There is no denying that the invention of paper was a major human accomplishment and a medium that had a profound impact on society. It turned the dissemination of information and record keeping into much easier tasks and thus had a great impact on human existence. Researchers often consult archival material for the written or drawn content to find answers for their research questions, but more often than not, paper as a material is disregarded. Paper itself, however, is a treasure trove of clues left behind by the mill manufacturer waiting to be investigated. Just like a burglar unintentionally leaves fingerprints behind, the mill manufacturer leaves behind watermarks, chain and laid lines produced by the moldmate. The thickness of the paper, appearance and material composition are also features that vary from one mill to another. While a watermark was incorporated intentionally to identify the manufacturer or the grade of paper, the other features were simply a result of the paper making process. Fortunately, advances in Artificial Intelligence technologies can aid in facilitating the “detective” work and identify the provenance of paper in terms of manufacturer and date using these discriminatory features.

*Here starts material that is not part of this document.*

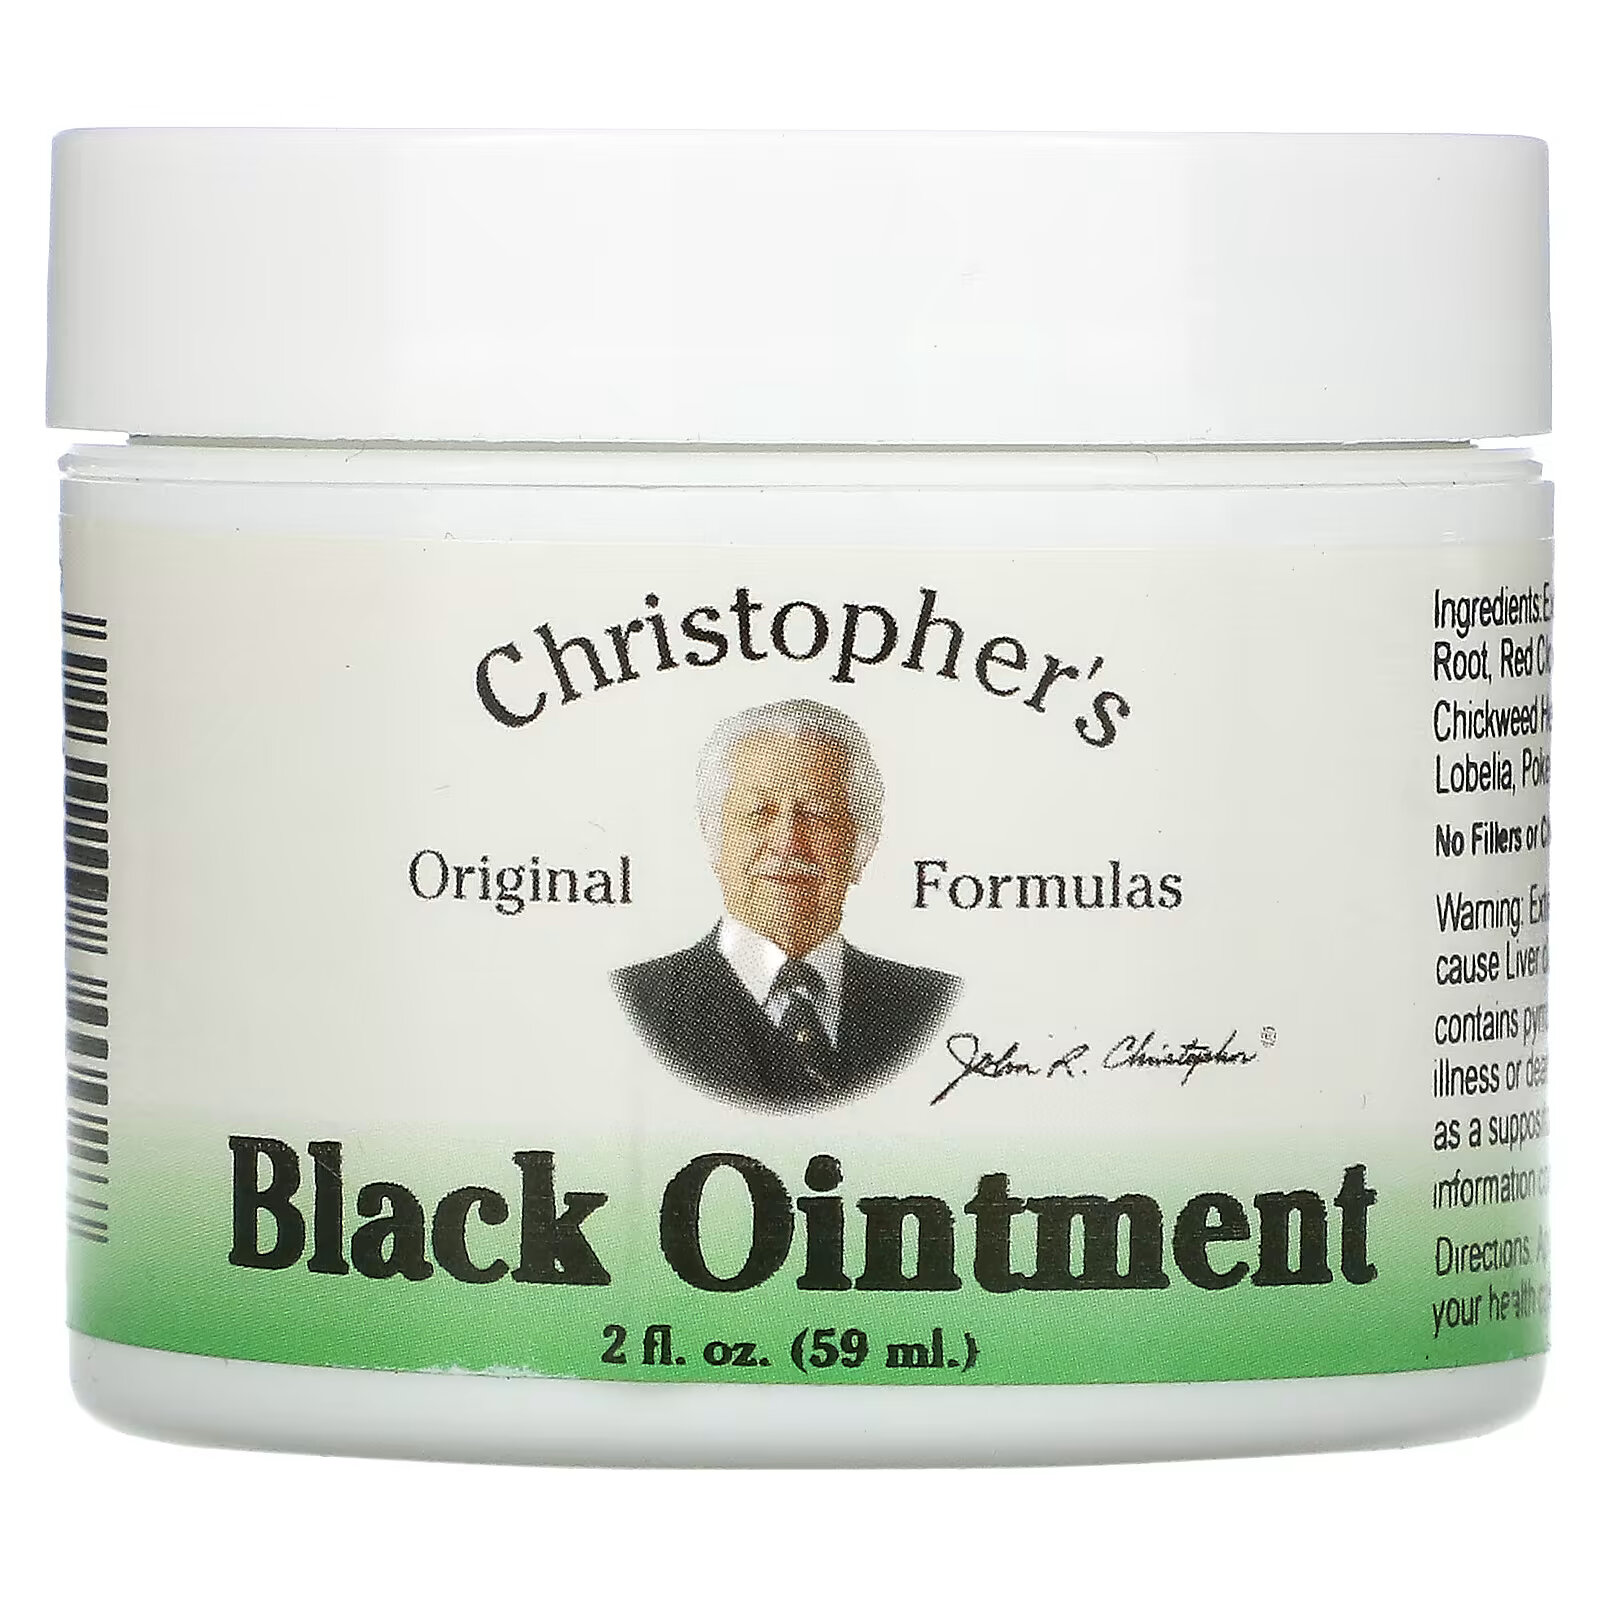 Christopher's Original Formulas, Black Ointment, противовоспалительная, 59 мл (2 жидкие унции) christopher s original formulas black ointment противовоспалительная 59 мл 2 жидкие унции
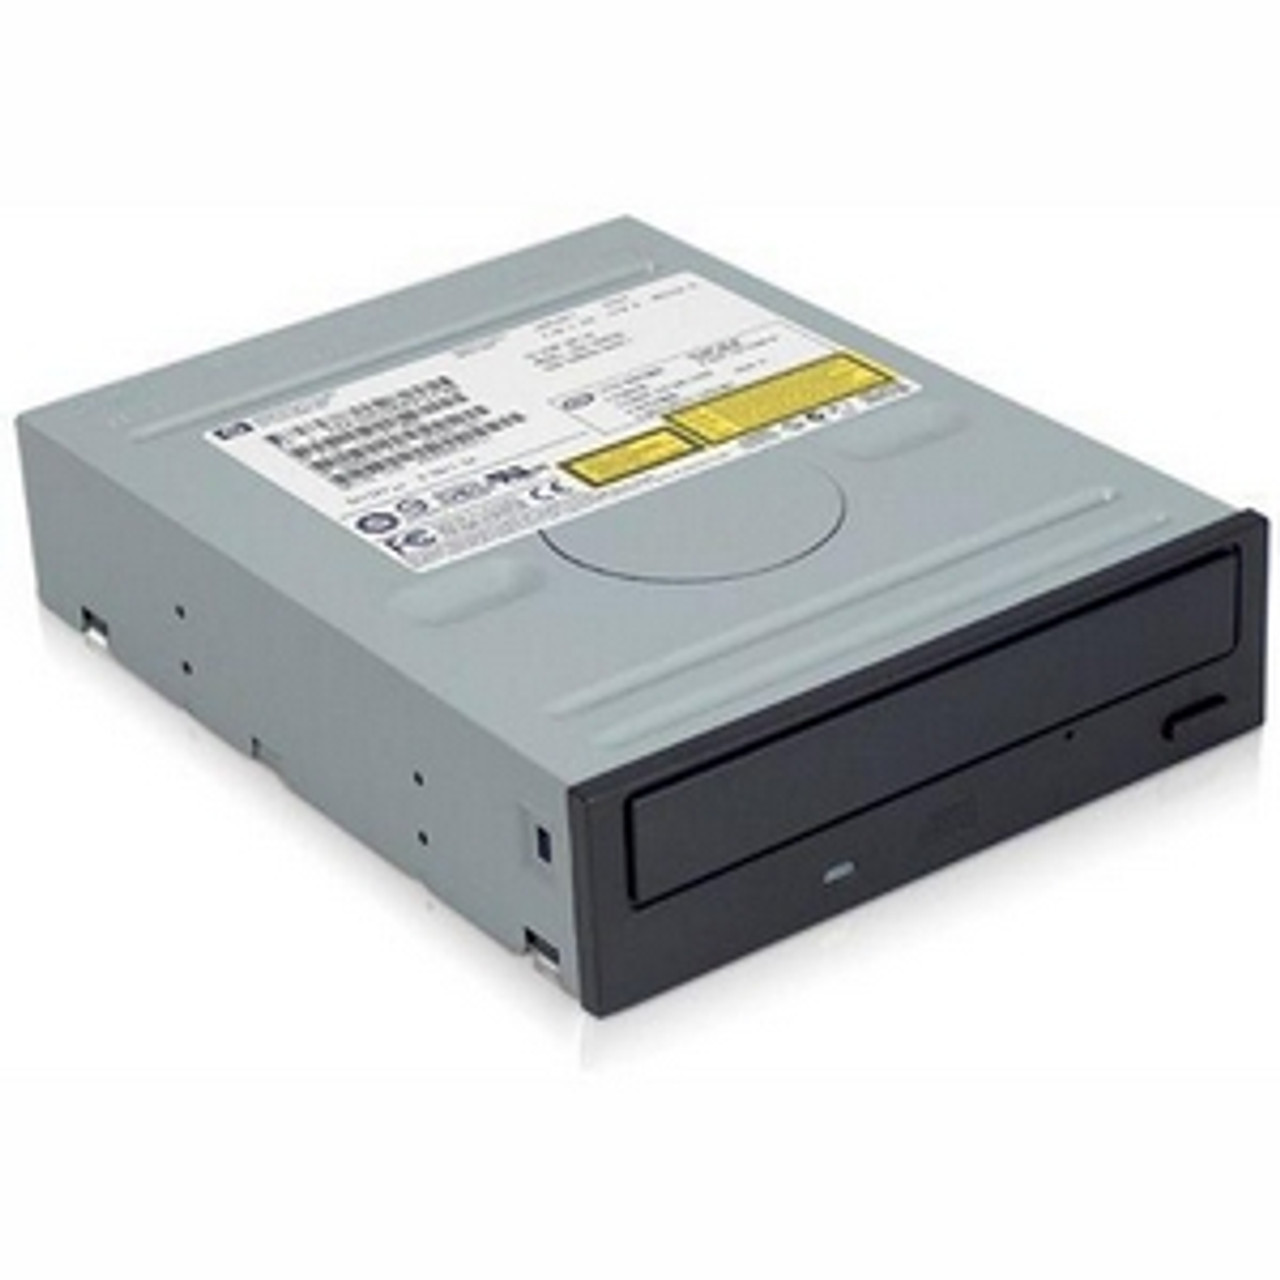 F2017B - HP 24x CD-ROM Drive for Omnibook 6x00/500

My research so far focused on the contents of historical notarial registers found at the Notarial Archives in Valletta, Malta. “Notarypedia: Knowledge Graph representation and Visualisation of Cultural Heritage Texts” [1] proposes a solution that extracts entities and relationships from the contents of medieval Latin manuscripts and represents them as a Knowledge Graph. Techniques such as Named Entity Recognition (NER), automatic keyphrase extraction and text classification were used to automatically extract entities including dates, people, places, deed types and keyphrases. Relationships between these entities including genealogical and geographical relationships were extracted and represented in the Notarypedia Knowledge Graph as shown in Figure 1.

Figure 1 Notarial Ontology

 

An ontology including vocabulary to represent these entities and relationships was defined and enabled the user to traverse the data in a more intuitive way imitating the serendipitous thinking of humans, thus facilitating semantic search as shown in the prototype user interface shown in Figure 2.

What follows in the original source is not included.